A few days ago, i have to perform aggregation on streaming dataframe. And the moment, i apply groupBy for aggregation, data gets shuffled. Now the situation arises how to maintain order?
Yes, i can use orderBy with streaming dataframe using Spark Structured Streaming, but only in complete mode. There is no way of doing ordering of streaming data in append mode and update mode.
I have tried different ways to solve this issue. Like, if i go with spark structured streaming. I might sort the streamed data in batches but not across batches.
I started finding solutions with different technologies like Apache Flink, Apache storm etc. What i faced at the end is disappointment. 🙁
A bit of light at the end of the tunnel
Luckily there is Apache Kafka Stream which provides the facility of accessing its StateStore. Kafka Stream provides Processor API.
The low-level Processor API provides a client to access stream data and to perform our business logic on the incoming data stream and send the result as the downstream data.
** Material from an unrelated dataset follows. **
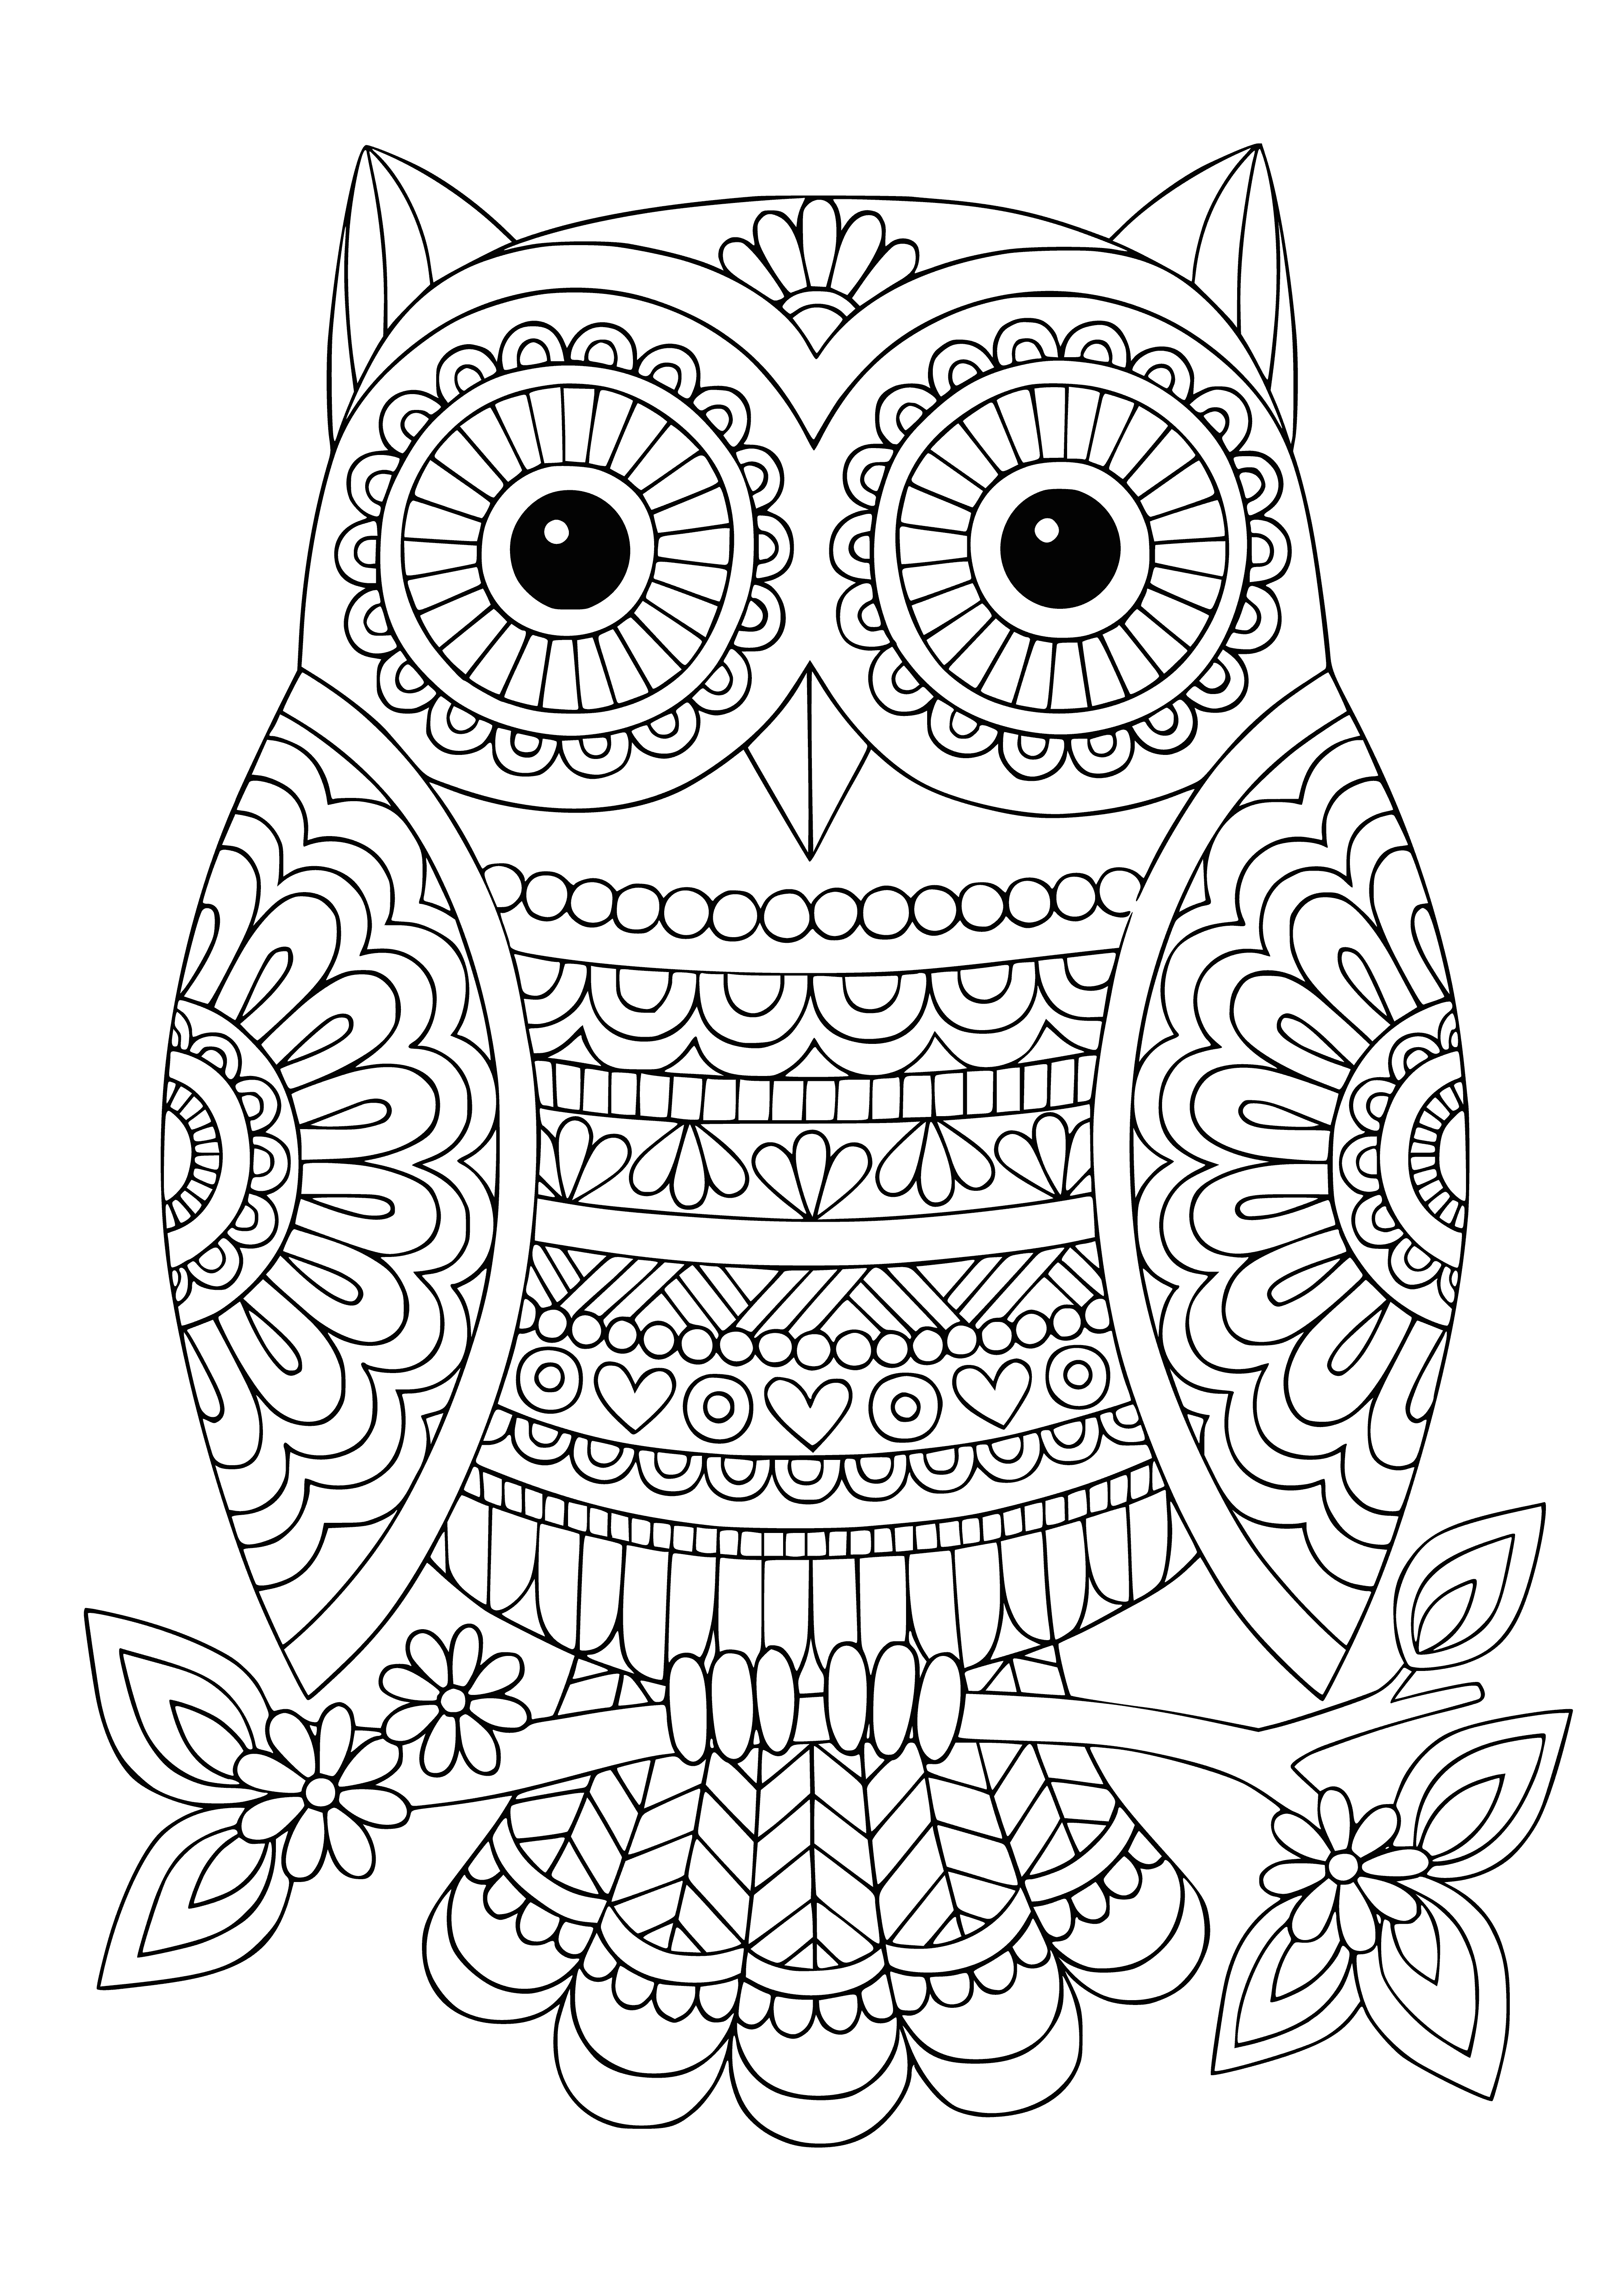 coloring page: Owl perched on a branch looking off into the distance with large round eyes and prominent beak, light-colored feathers and spread out wings. #coloringpage

It is done via extending abstract class AbstractProcessor and overriding the init, punctuate,close and process method which contains our logic. This process method is called once for every key-value pair.
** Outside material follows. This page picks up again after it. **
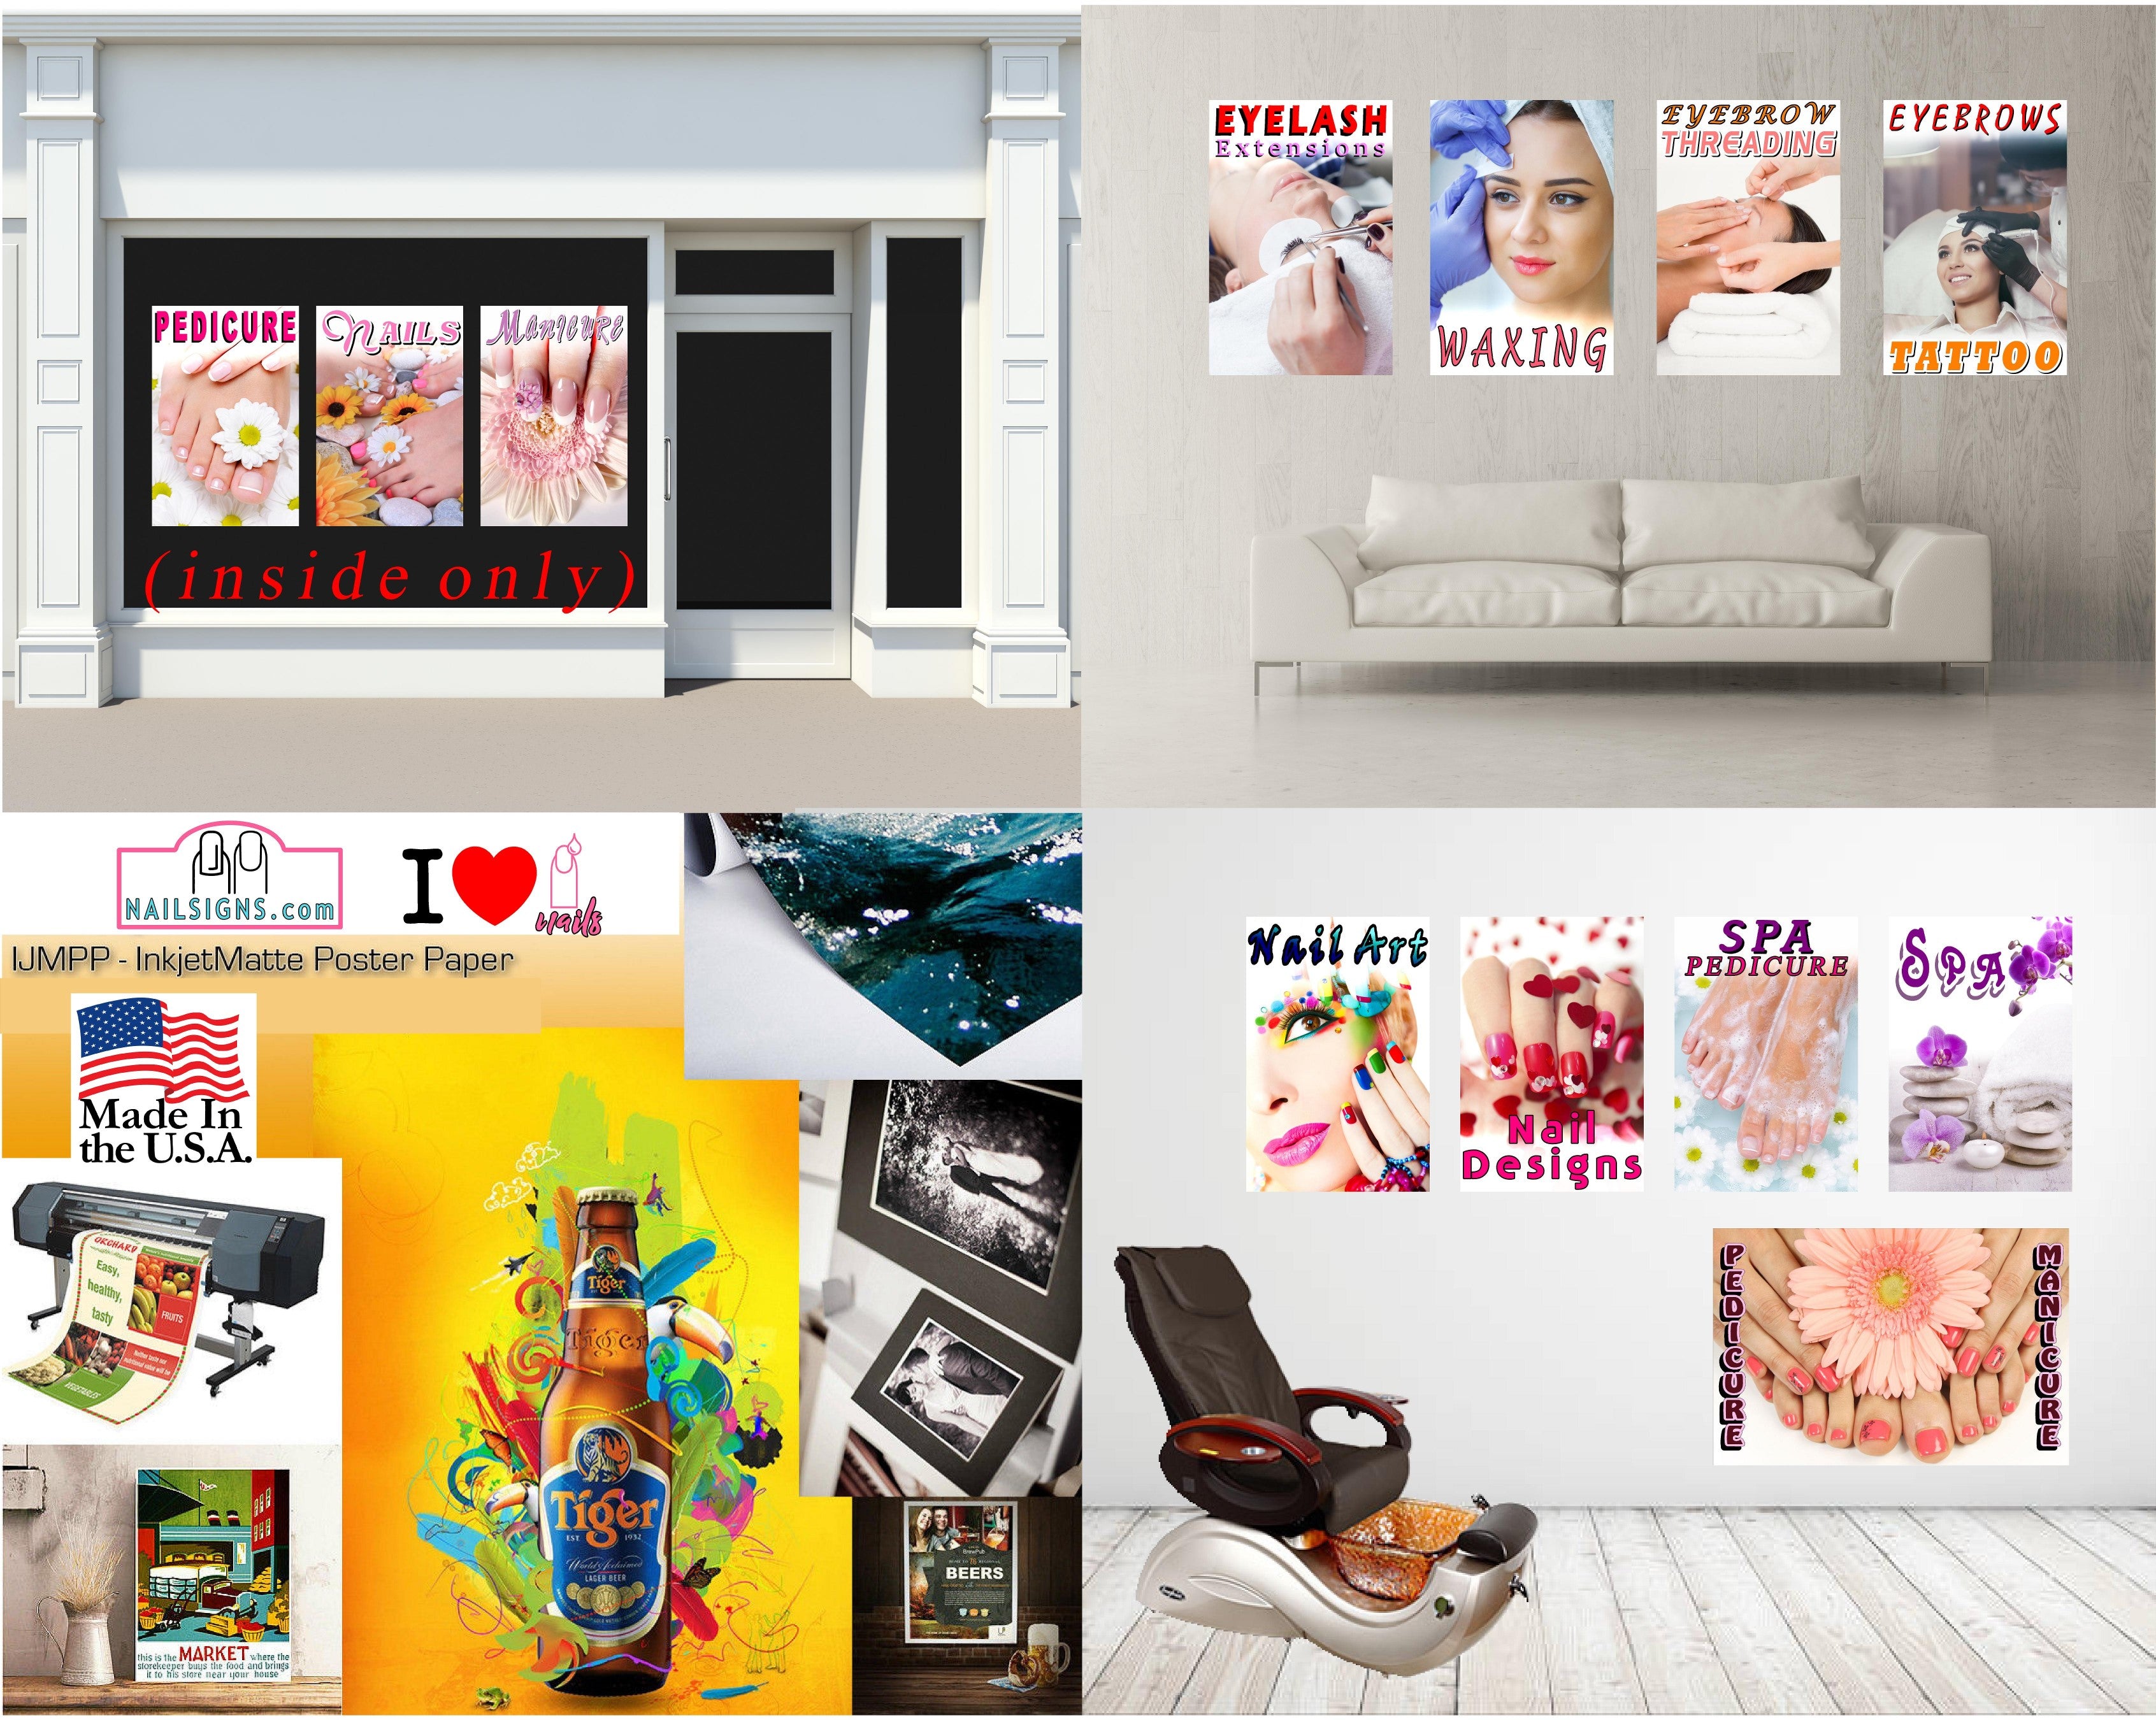 Skin Care 03 Photo-Realistic Paper Poster Premium Interior Inside Sign Advertising Wall Window Non-Laminated Vertical

Where the High-Level DSL provides ready to use methods with functional style, the low-level processor API provides you the flexibility to implement processing logic according to your need. The trade-off is just the lines of code you need to write for specific scenarios. For more information, refer the references.
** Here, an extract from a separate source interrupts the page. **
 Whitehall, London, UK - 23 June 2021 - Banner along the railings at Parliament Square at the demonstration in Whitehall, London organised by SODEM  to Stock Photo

So, the abstract idea is after aggregating the dataframe,write it to kafka. Read it as a KStream and apply the business logic using low-level processor API to sort the data and write it back to kafka.
Here the main idea is to keep on adding record in listbuffer until it reaches to certain size, let’s say 20. As buffer size reaches 20, we move to else part where we will iterate the listbuffer and parse every record to extract that specific column which will sort the record. We are going to make listbuffer of tuple2, one element of tuple2 is that specific column and element2 is consumed value from kafka. After that, we will sort the listbuffer of tuple2 on the basis of extracted column and send only second element to kafka. After that, we will drop the all element of listbuffer. This process will run continuously. We can also handle late data and system shutdown by saving listbuffer in KeyValueStore according to requirement.
So, here i have implemented the idea in MyProcessor. In my case, i am having three columns in value i.e time,col1,col2. I have extracted time column so that i can sort the record on the basis of time. After sorting, each record is being sent to kafka topic. Now I can consume it as a dataframe again. 😀
Ordering of Streaming Data is always a hard problem. But with Kafka Streams we can now sort the streamed data using its Lower Level Processor APIs. The main aim of this blog is not to talk how to use low-level processor API but to make you familiar with the idea of how to sort the streamed data.
Hope, this blog will help you 🙂